Sally had been staring at the deck as she spoke, but now she looked up at me with eyes that were shadowed, dark. “Look, Doc, I know that lots of people make fun of religion. Us Born-Again types. We maybe scare them for some reason. But it’s changed my life. I think it saved my life.”
I smiled at her, as I said, “A person who makes fun of anyone’s religion lacks the brains to be taken seriously.”
“It doesn’t bother you that I’ve accepted Jesus as my savior? That I’ve changed?”
Yes, it bothered me that she’d changed, but only because her transformation exceeded any new passion for religion. There was pathology involved—to what degree, I didn’t yet know. But I told her, “We’re friends. So, no, it makes no difference. Right now, I’m more concerned with why you’re here. Something weird’s going on, or the insurance company wouldn’t have hired DeAntoni to follow you.”
Her eyes widened slightly. “My gosh, I’d already forgotten him. He’s going to be here soon, right?”
“If you want to talk to him, yes. If you don’t, no problem. I’ll send him away.”

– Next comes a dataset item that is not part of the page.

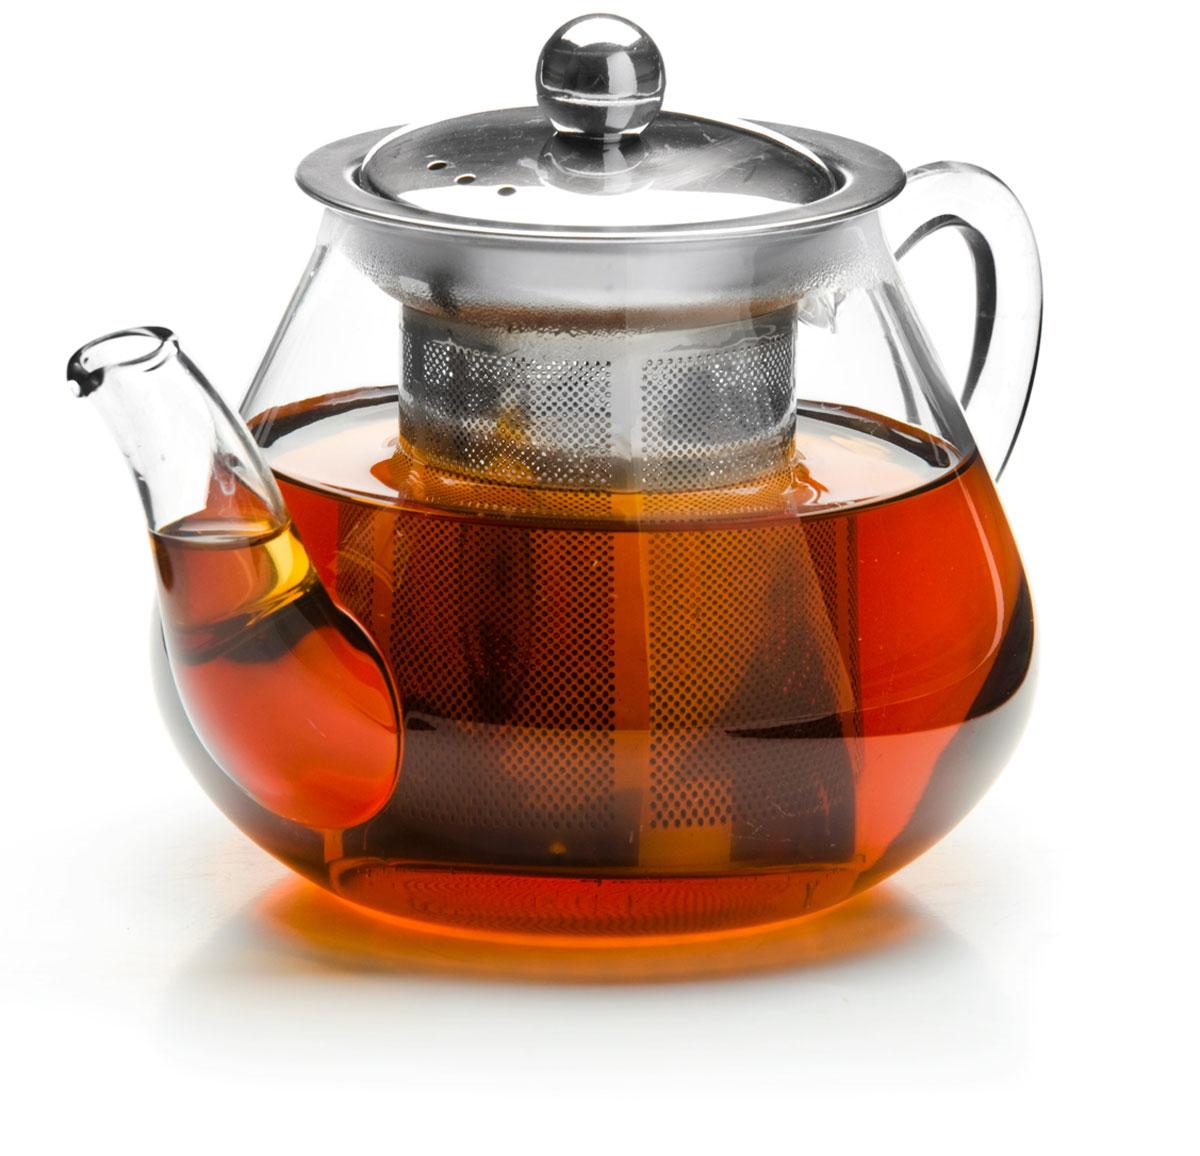 Чайник заварочный Mayer & Boch, с ситом, 600 мл. 2620126201Заварочный чайник изготовлен из термостойкого боросиликатного стекла, крышка и фильтр выполнены из нержавеющей стали .Изделия из стекла не впитывают запахи, благодаря чему вы всегда получите натуральный, насыщенный вкус и аромат напитков. Подходит для мытья в посудомоечной машине.Объем чайника: 600 мл.

She said, “That’s another symptom, by the way. More inappropriate behavior. A bad memory, a short attention span.”
She walked across the deck, retrieved her purse from a teak table and checked her watch. “No wonder,” she said. “I forgot to take my medication. The doctor’s been giving me Neurontin, plus some Valium. That’s how bad Shiva’s group screwed me up. Shiva. I even hate the sound of his name.”
Her smile seemed too theatrical, her laughter too loud, as she added, “But the pills can’t work if Miss Forgetful doesn’t remember to take her meds on schedule!”